*** Data below ***

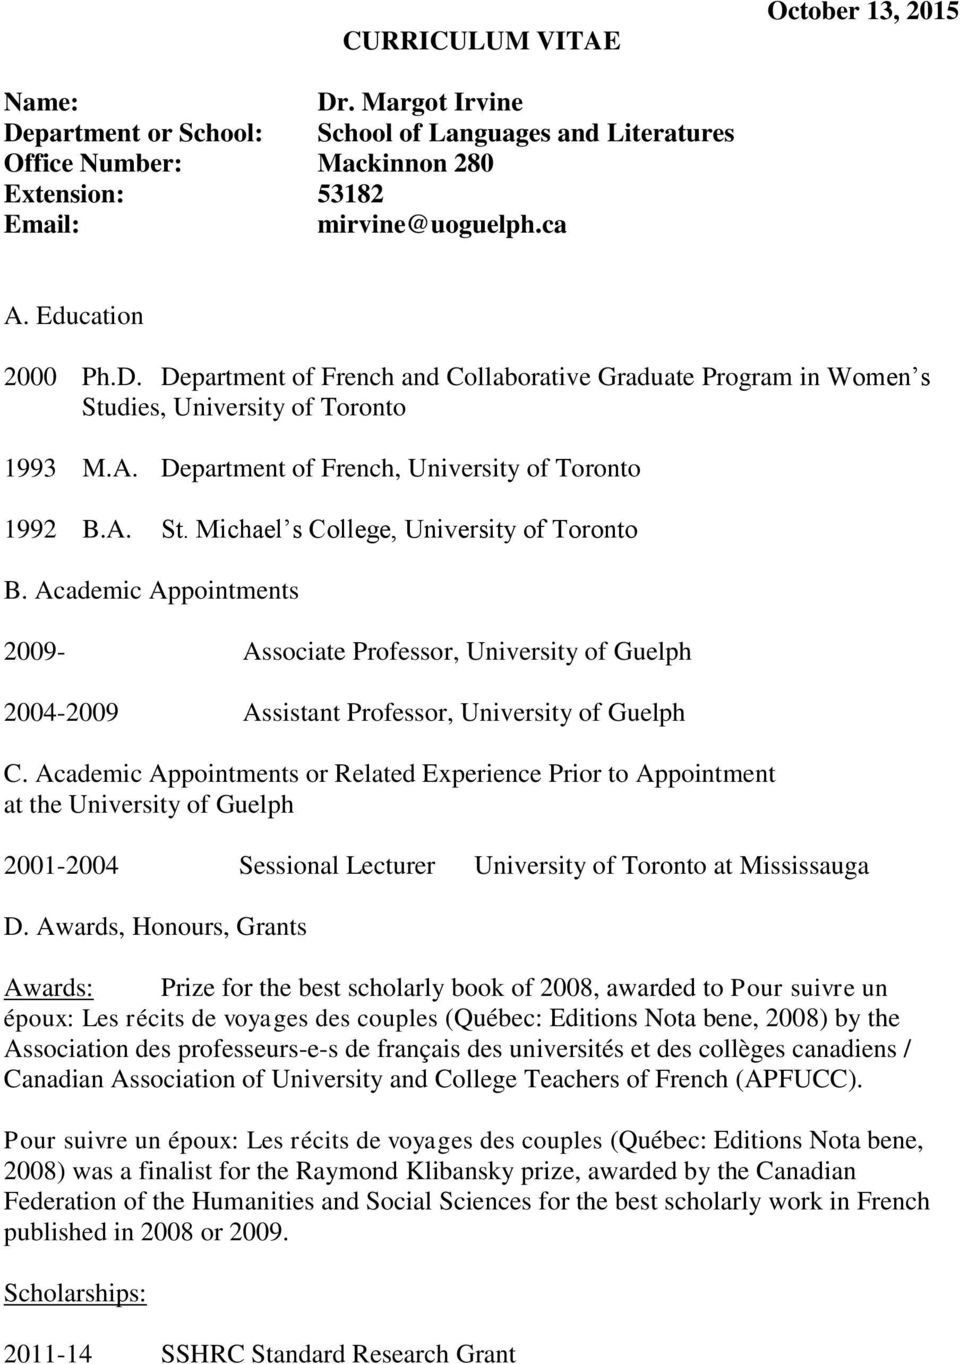 Academic Appointments 2009- Associate Professor, University of Guelph 2004-2009 Assistant Professor, University of Guelph C.
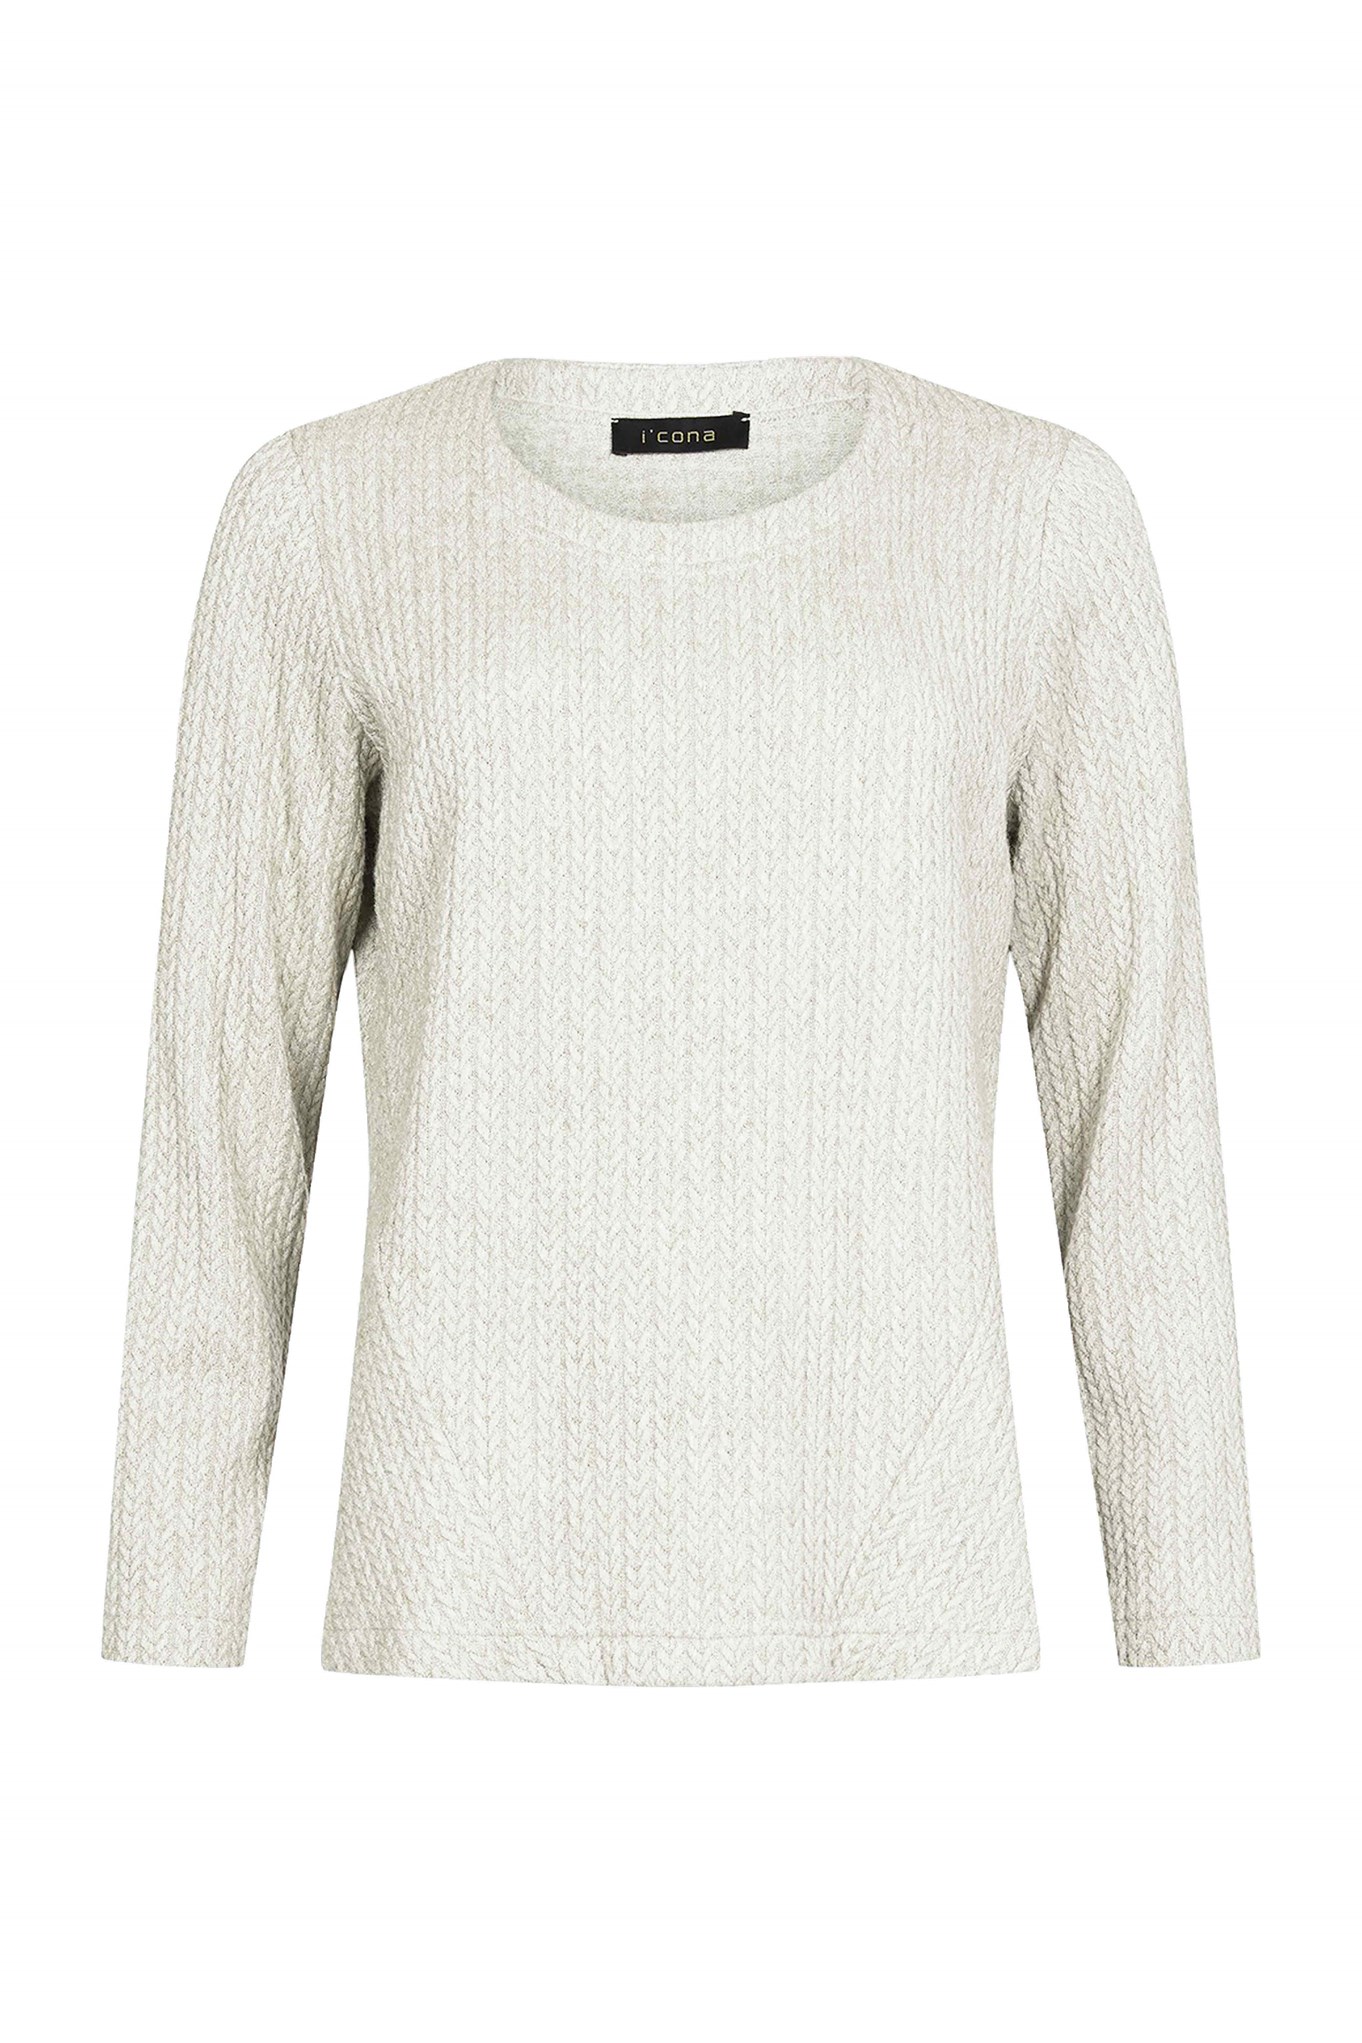 I'cona Luxe Cable Knit Jumper in Soft White
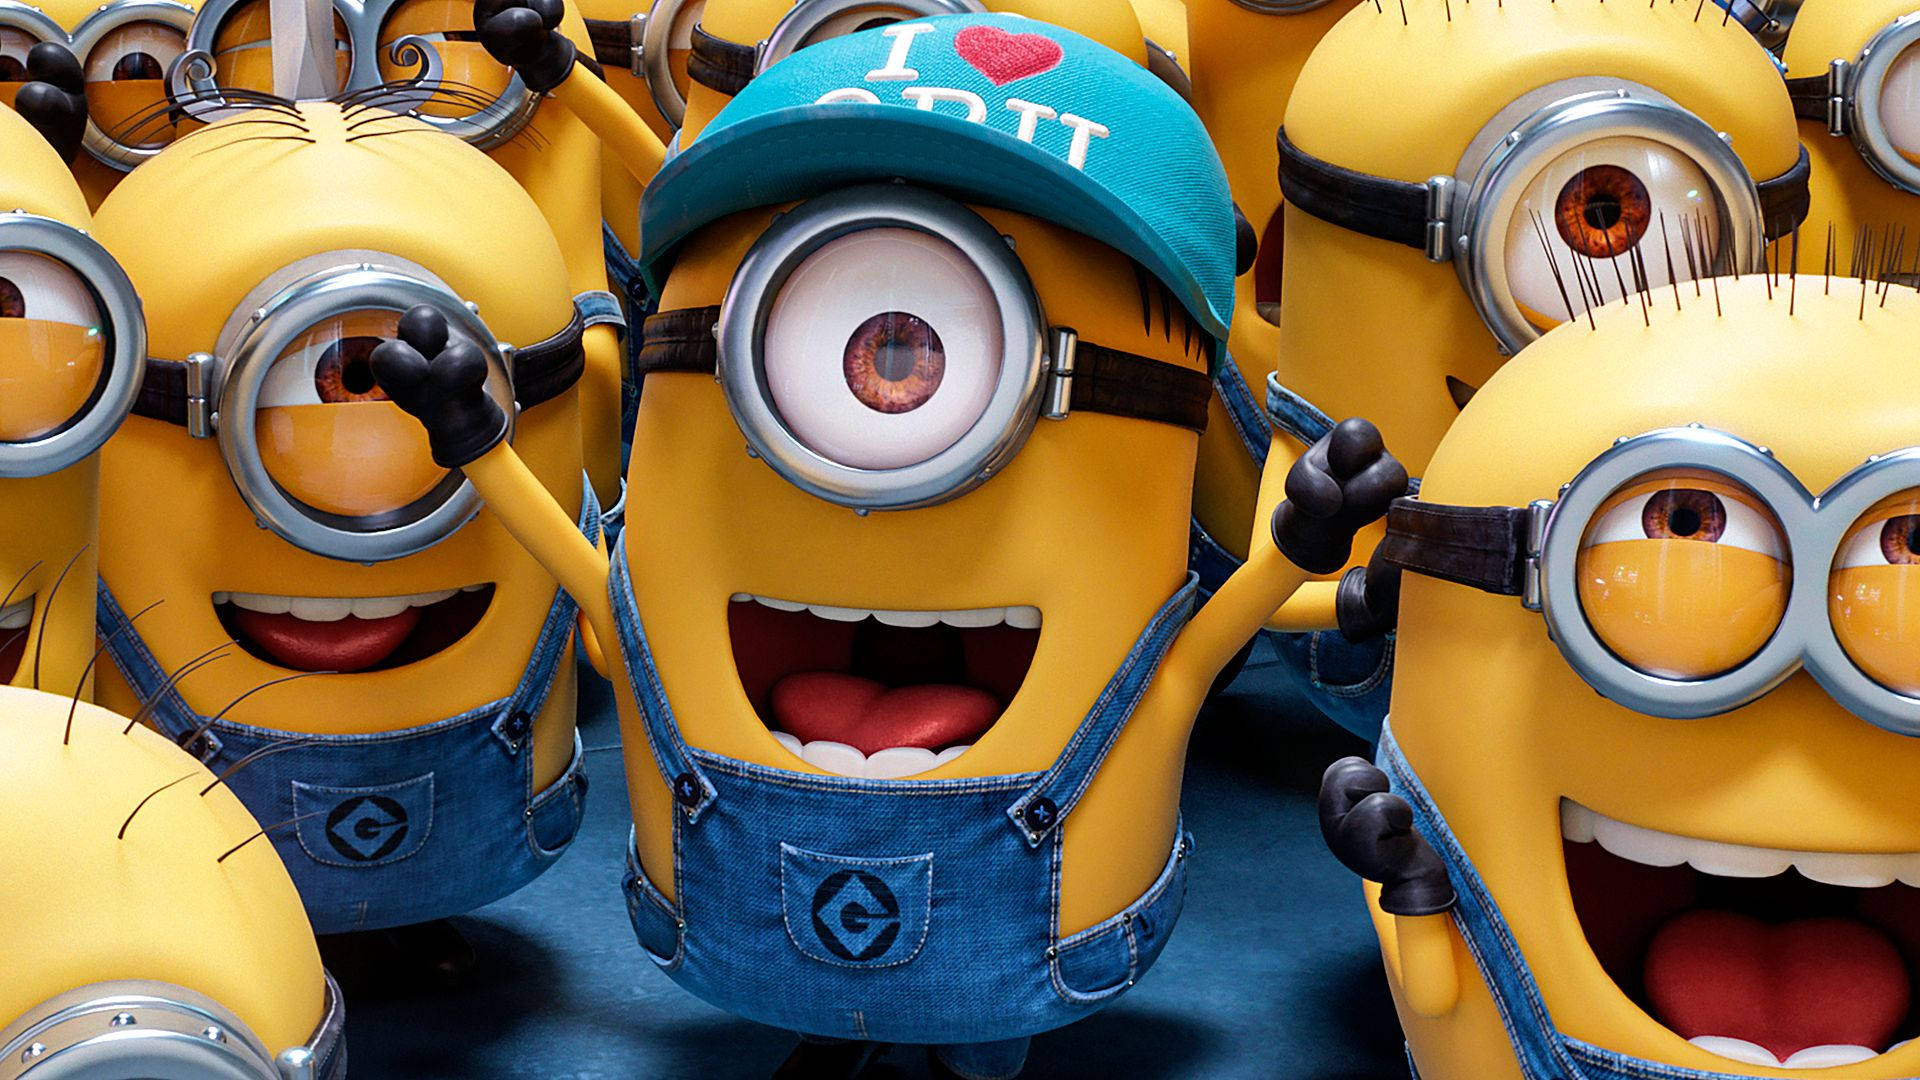 Despicable Me 3 Minions Smiling Widely Wallpaper
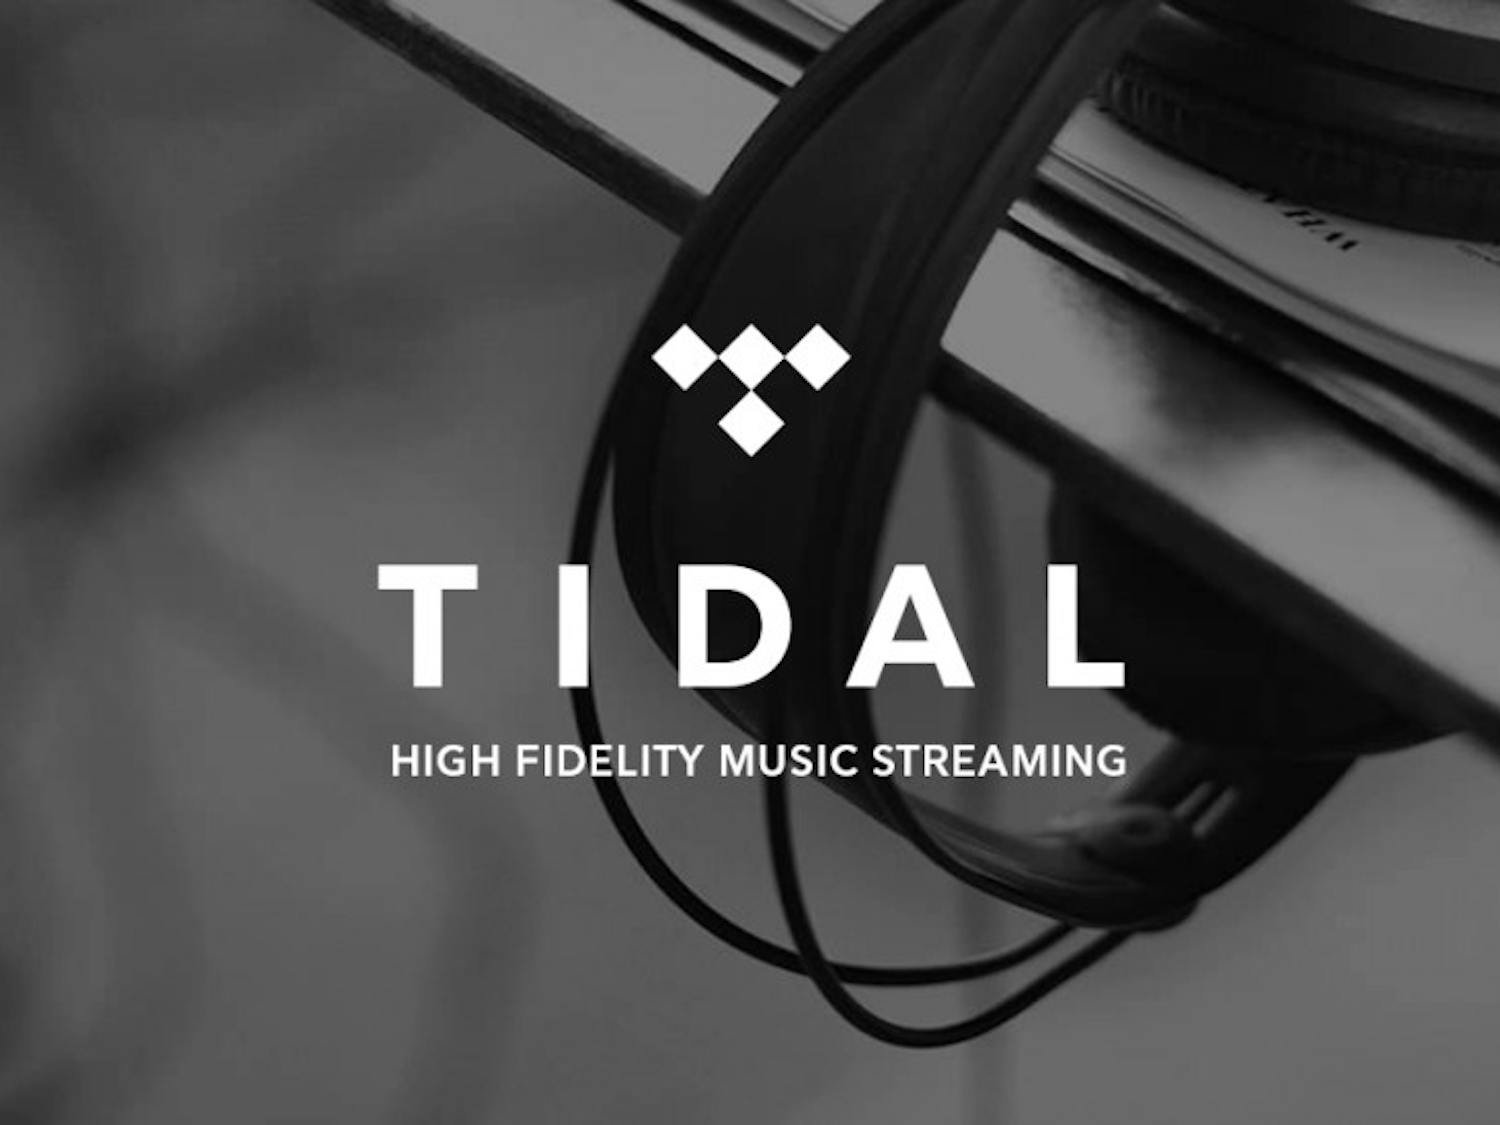 TIDAL is a new addition to the music streaming industry. Much like Spotify, Pandora and other services, it offers music and playlists based on moods, activities and genres.

*** End of Data below ***

- _The problem_
From the first line to the last, set down the data exactly, without the pictures.

- _Written response_
 Academic Appointments 2009- Associate Professor, University of Guelph 2004-2009 Assistant Professor, University of Guelph C.
 I'cona Luxe Cable Knit Jumper in Soft White
 Despicable Me 3 Minions Smiling Widely Wallpaper
 TIDAL is a new addition to the music streaming industry. Much like Spotify, Pandora and other services, it offers music and playlists based on moods, activities and genres.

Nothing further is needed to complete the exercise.